Single-crystalline Mg-substituted Na 4 Mn 3 (PO 4 ) 2 P 2 O 7 nanoparticles as a high capacity and superior cycling cathode for sodium-ion batteries.

Mn-based mixed phosphate Na 4 Mn 3 (PO 4 ) 2 (P 2 O 7 ) (NMPP) is a promising cathode for high-potential, low-cost and eco-friendly sodium-ion batteries. However, this material still faces some bottleneck issues in terms of low conductivity, disturbance of impure crystalline phase, micron-sized agglomerated particles and the Mn 3+ Jahn-Teller effect. Herein, a Mg-substituted NMPP (NM 2.7 Mg 0.3 PP)@C composite was constructed via modified solution combustion and subsequent calcination treatment.
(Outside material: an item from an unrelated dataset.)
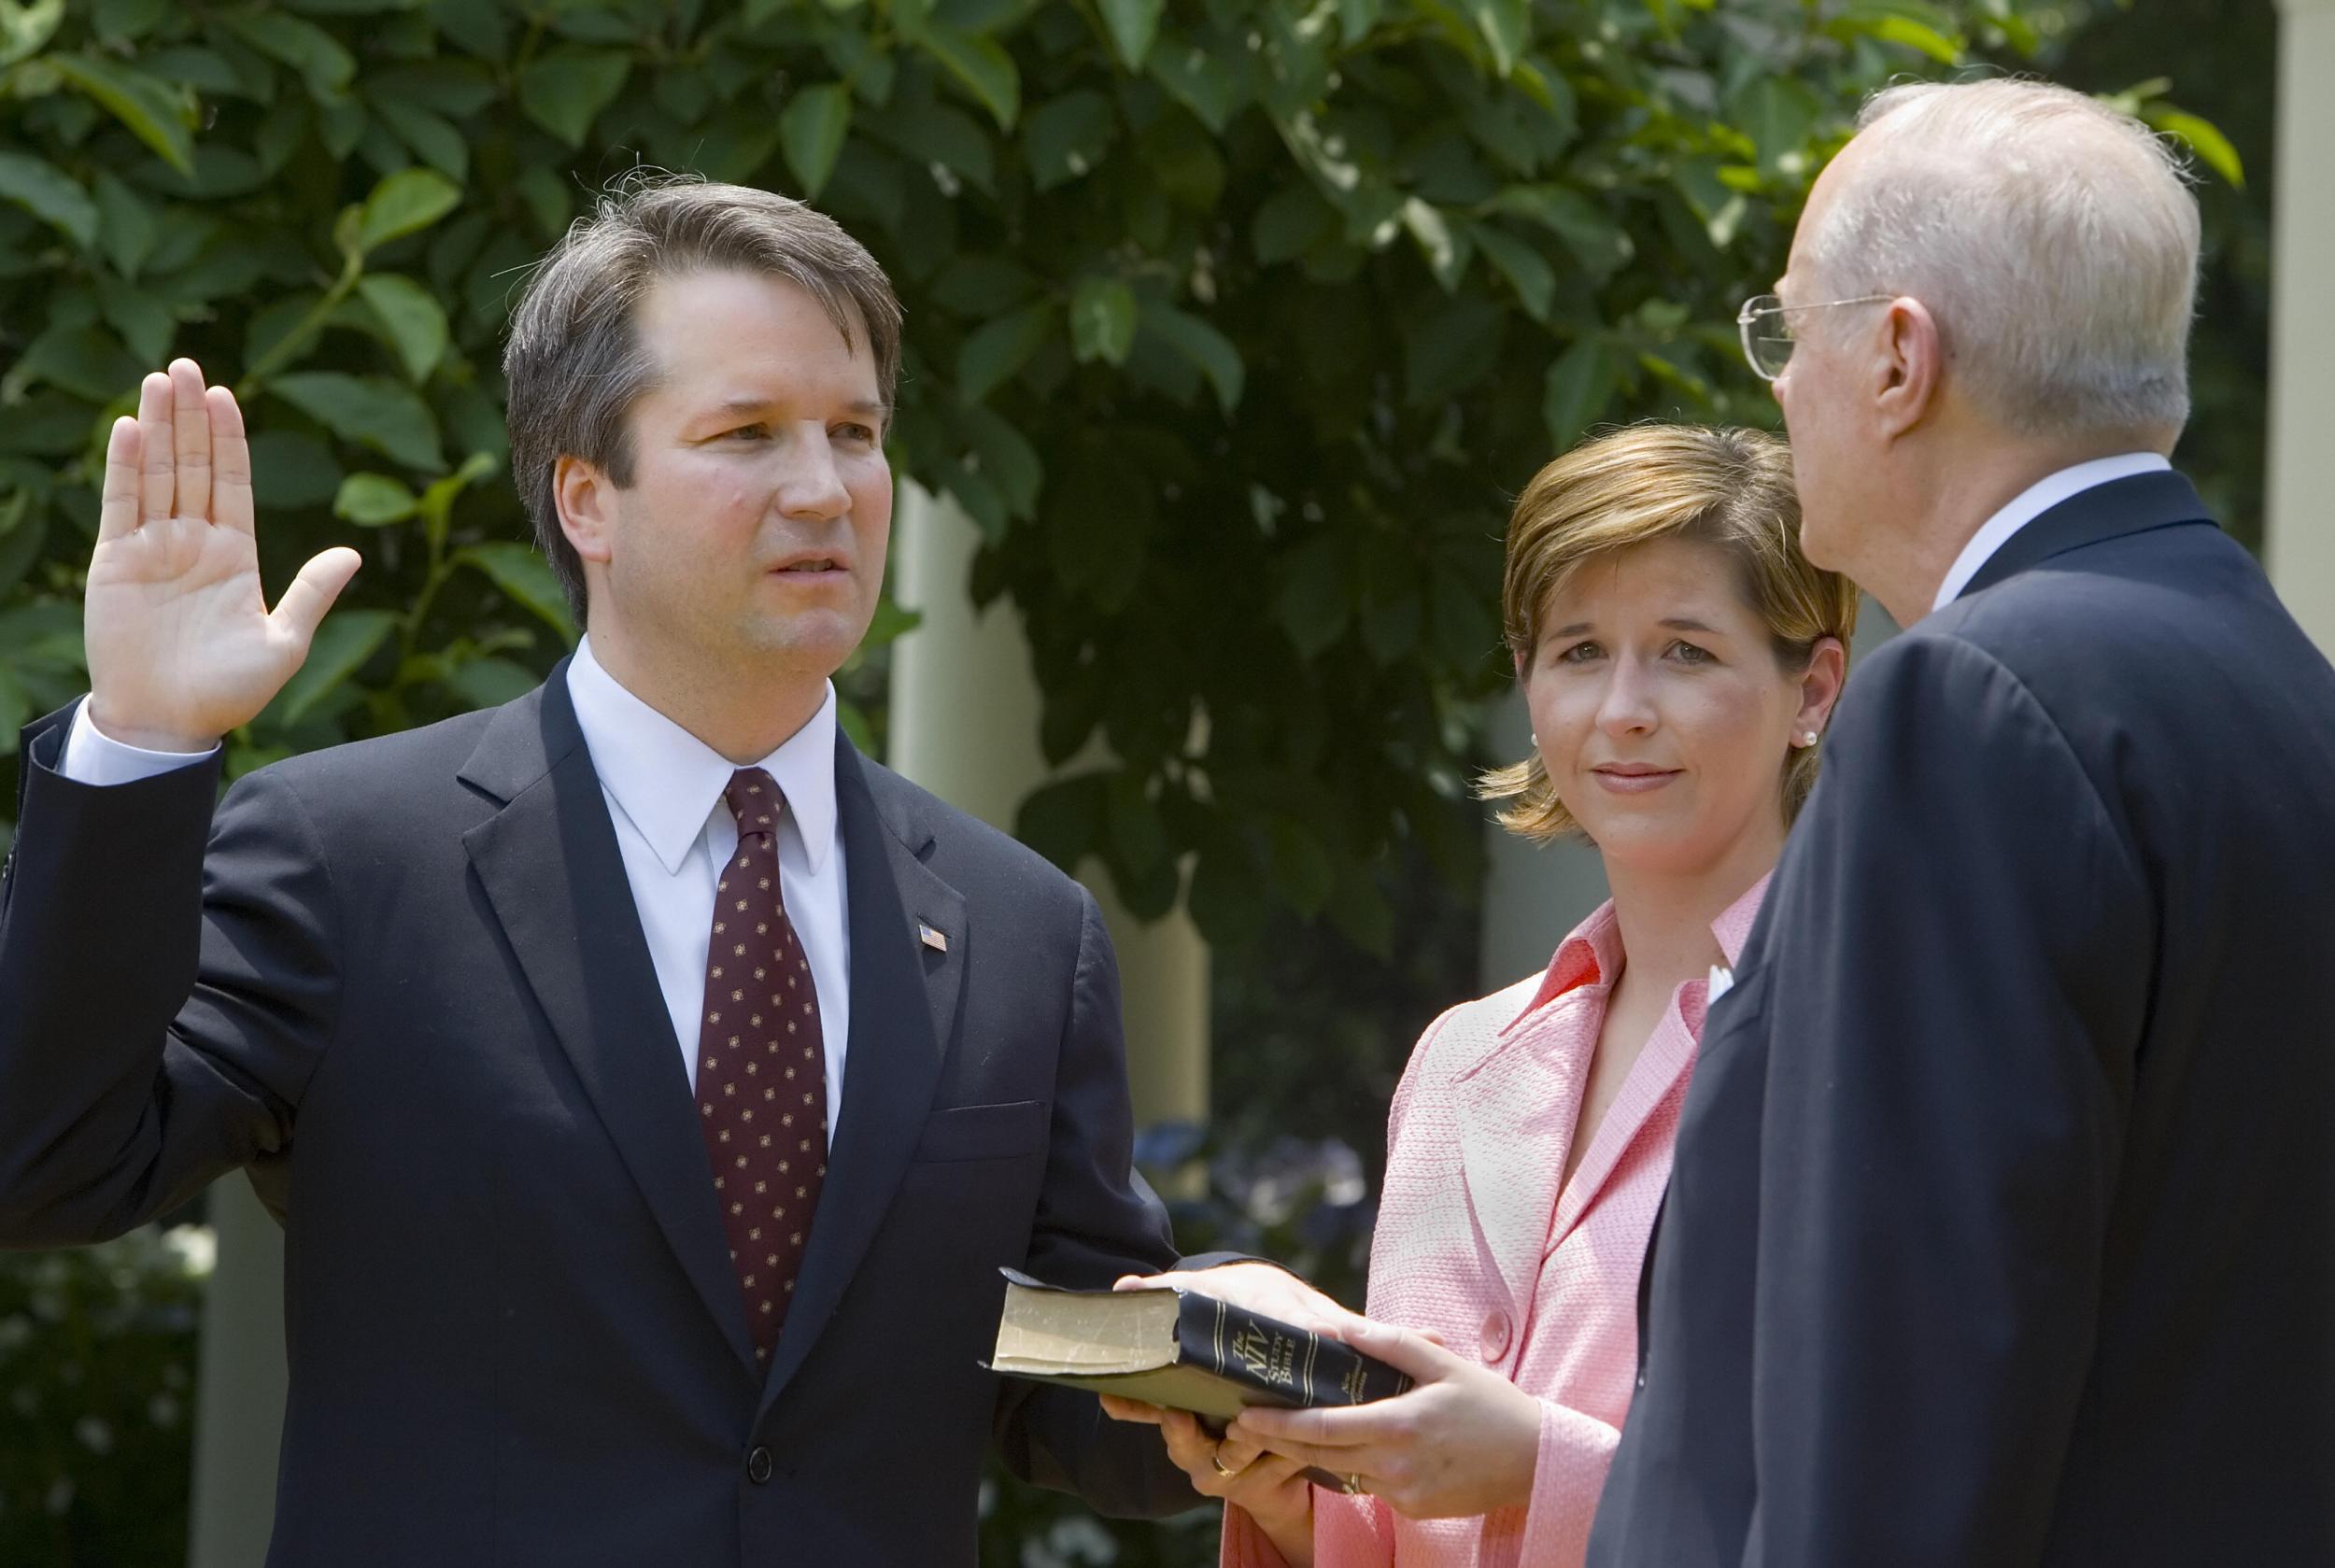 Brett Kavanaugh swearing in as US Court of Appeals Judge for the District of Columbia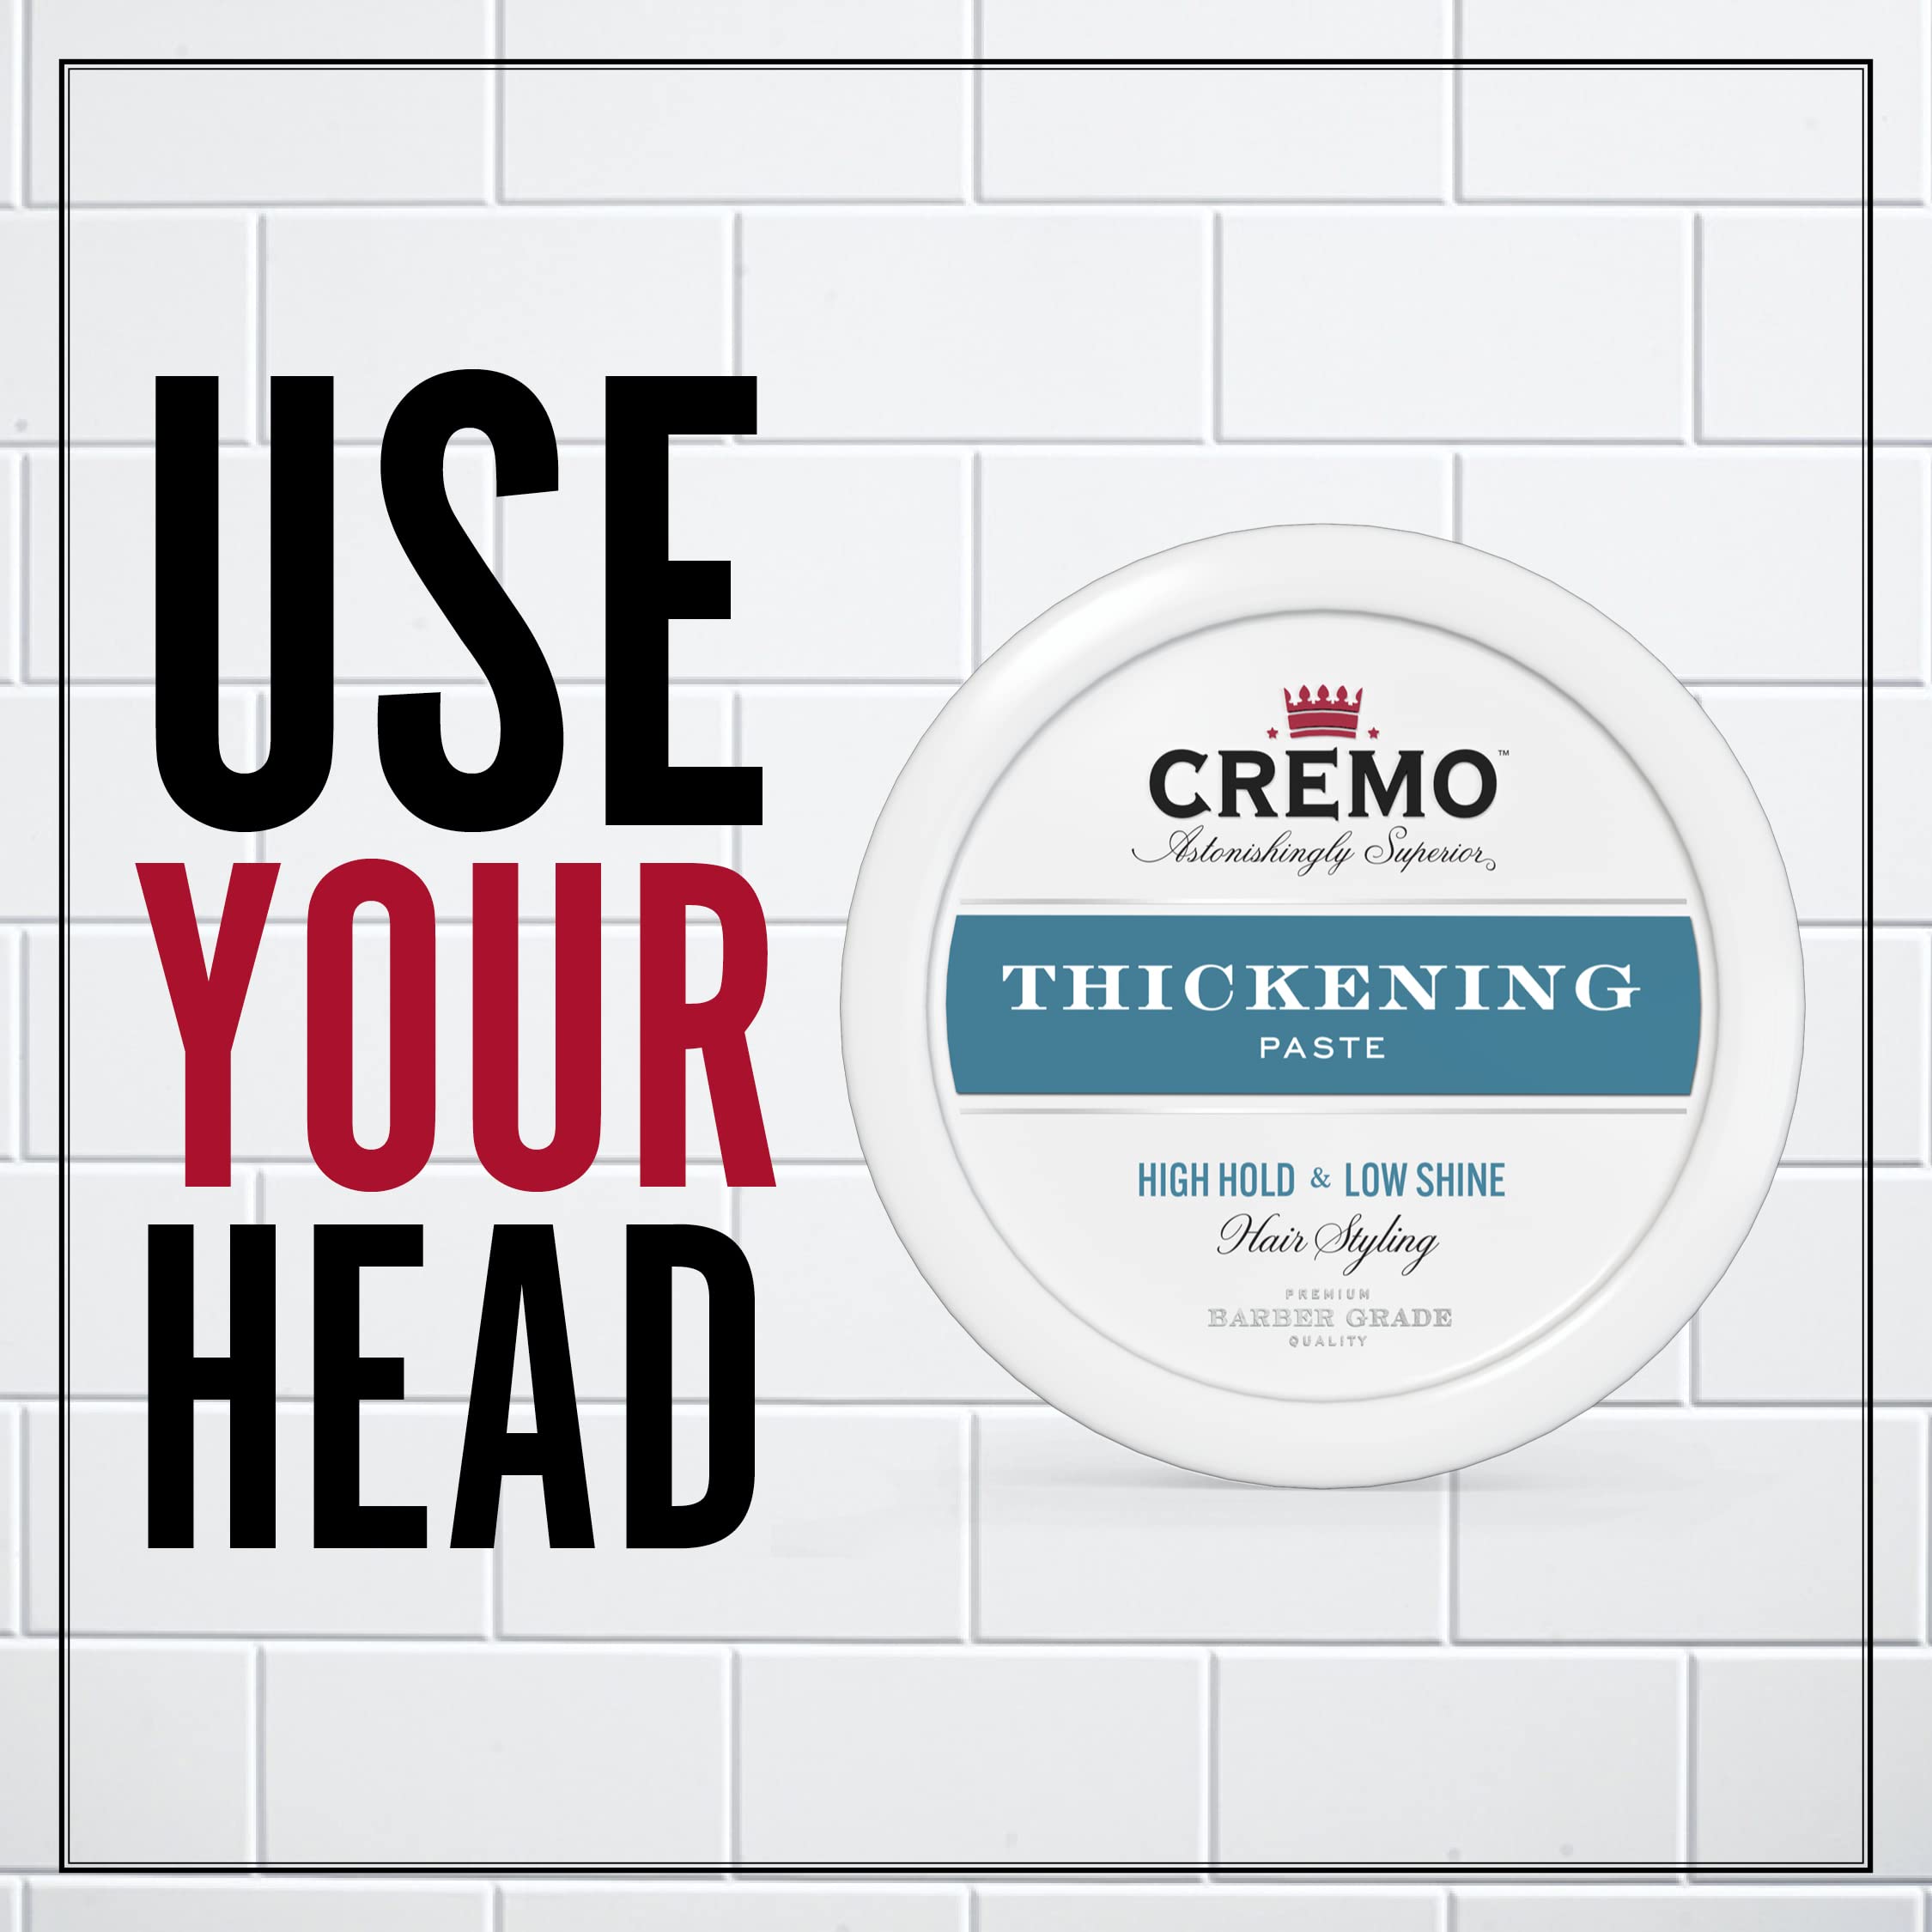 Cremo Premium Barber Grade Hair Styling Thickening Paste, High Hold, Low Shine, 4 Oz

The obtained NM 2.7 Mg 0.3 PP presents a highly pure phase and single-crystalline characteristics. It is noteworthy that the sample shows a smaller particle size of 100-300 nm due to the Mg 2+ incorporation, and the prepared NM 2.7 Mg 0.3 PP@C cathode exhibits considerable discharge capacity (119 mA h g -1 ), an improved rate capability and excellent long cycling stability of 1000 cycles. A series of measurements indicated that the Mg-substitution enhanced the electronic conductivity and ion diffusion rate, and effectively relieved the lattice distortion influenced by the multiphase transition from the Mn Jahn-Teller effect of the NM 2.7 Mg 0.3 PP@C cathode. In addition, NM 2.7 Mg 0.3 PP adopts an optimal 3Mg 0.1 -Mn1-Mn2-Mn3 crystal structure based on density functional theory (DFT) calculations and refined X-ray diffractometry results. These findings provide new insight into the design of highly stabilized and high-conductivity polyanionic cathodes for sodium-ion batteries.